Midway through the service, some of Blair’s friends performed an emotional rendition of the Fleetwood Mac song “Landslide.”
Inside a common room at Dunster, more than 50 pictures of Blair lined the walls. A slideshow of photographs of her played on repeat. Guests circulated around the room before and after the speeches, exchanging memories of Blair, and a guestbook for the event garnered more than 75 signatures.
An Economics concentrator, Blair worked at the Harvard Shop, was a member of the Spee Club, joined the boxing club, and served as an economics and statistics tutor for College students. Over the summer, she interned for the Boston Consulting Group in Georgia.
Sean D. Kelly and Cheryl K. Chen, Dunster House faculty deans, organized the event along with some of Blair’s friends. In an email announcing the service, Kelly and Chen wrote the goal of the memorial was to help the House community feel “supported and sustained” in the aftermath of Blair’s death.
“Courtney was a good friend to many Dunsterites, and her loss is keenly felt,” they wrote. “This will not make the event any less of a tragedy; it is awful and will remain so. But it may allow us nevertheless to become stronger and closer than we otherwise would have been.”
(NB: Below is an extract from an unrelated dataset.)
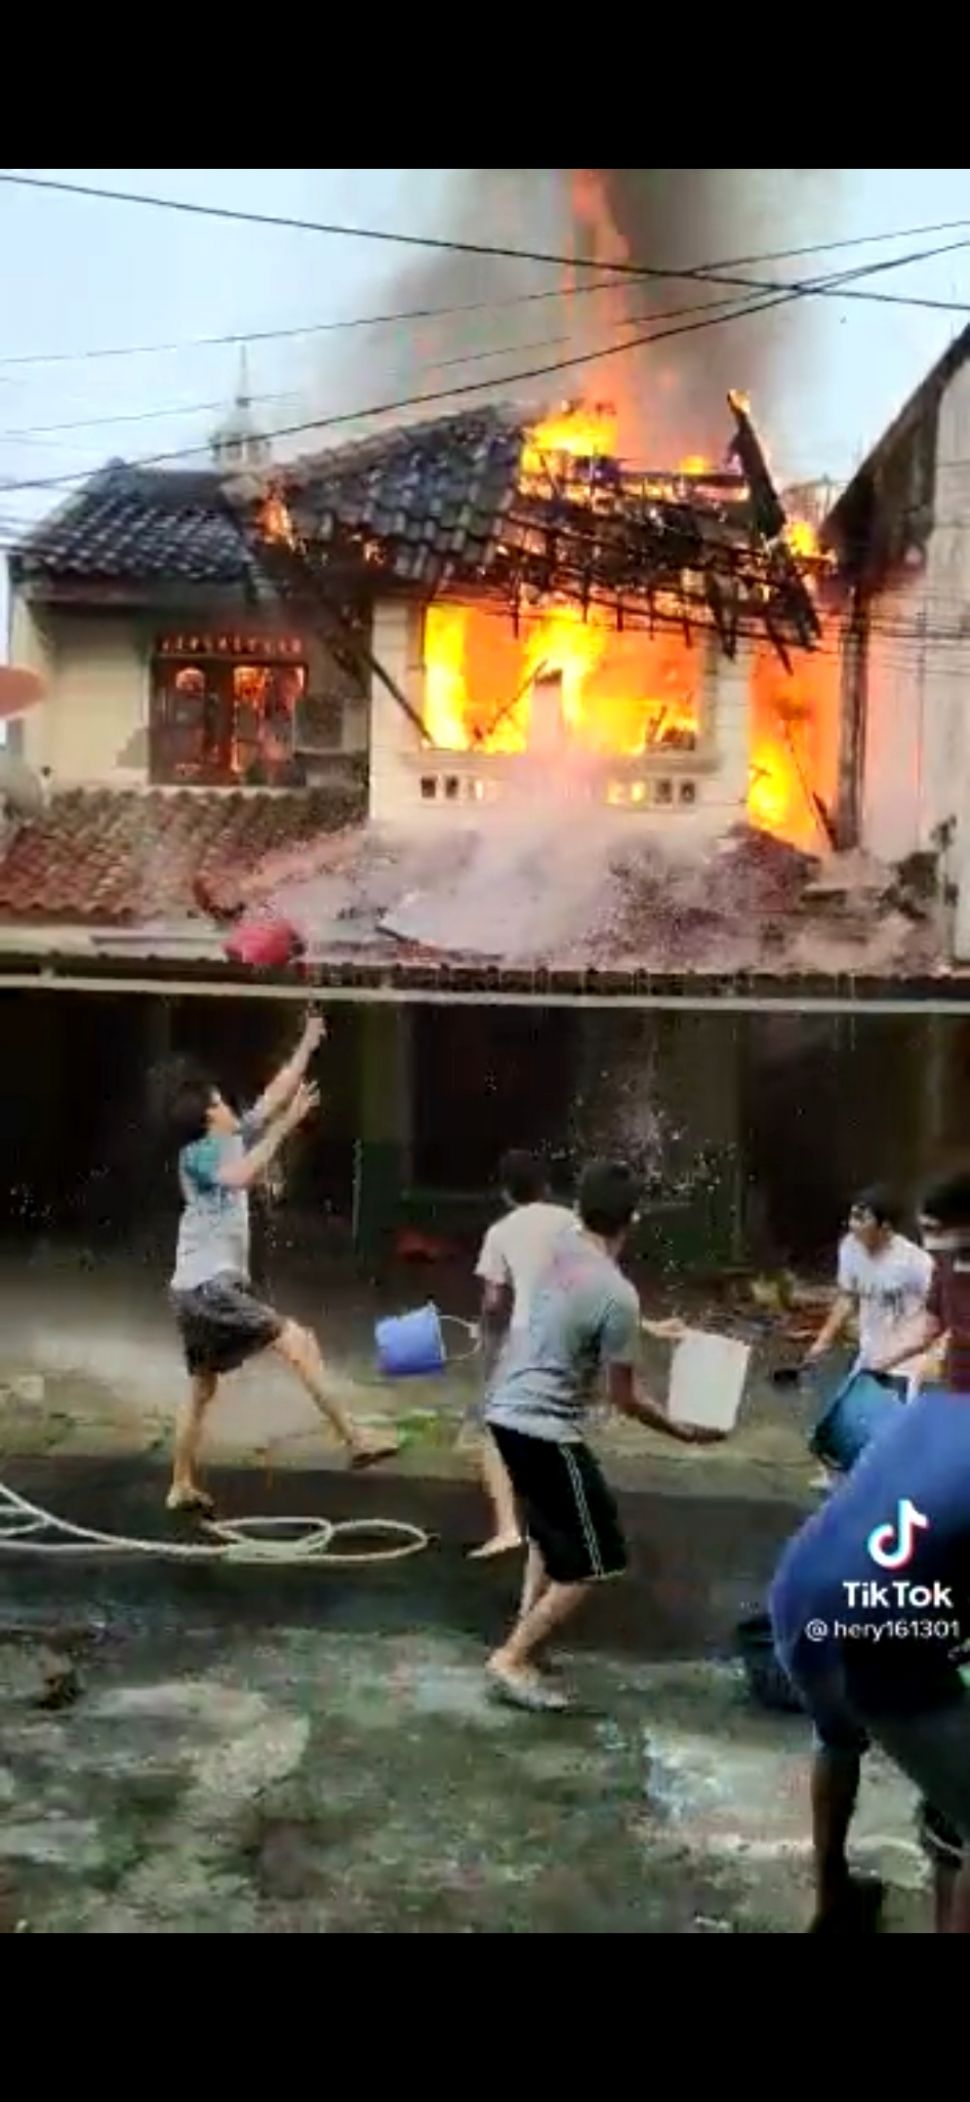 Viral Video Warga Padamkan Api Saat Kebakaran, Lelaki Berember Merah Jadi Sorotan (TikTok/hery161301)

This service was not the first memorial held for Blair at Harvard this fall; last month, students and friends gathered at the Spee to remember her and celebrate her life.
A light drizzle fell Friday morning, but about an hour before the service began, the sun began to shine and a light breeze blew through the courtyard. Blair’s mother said she could sense Courtney’s presence in the change of weather — Courtney’s optimism, her vitality, and her sunny personality.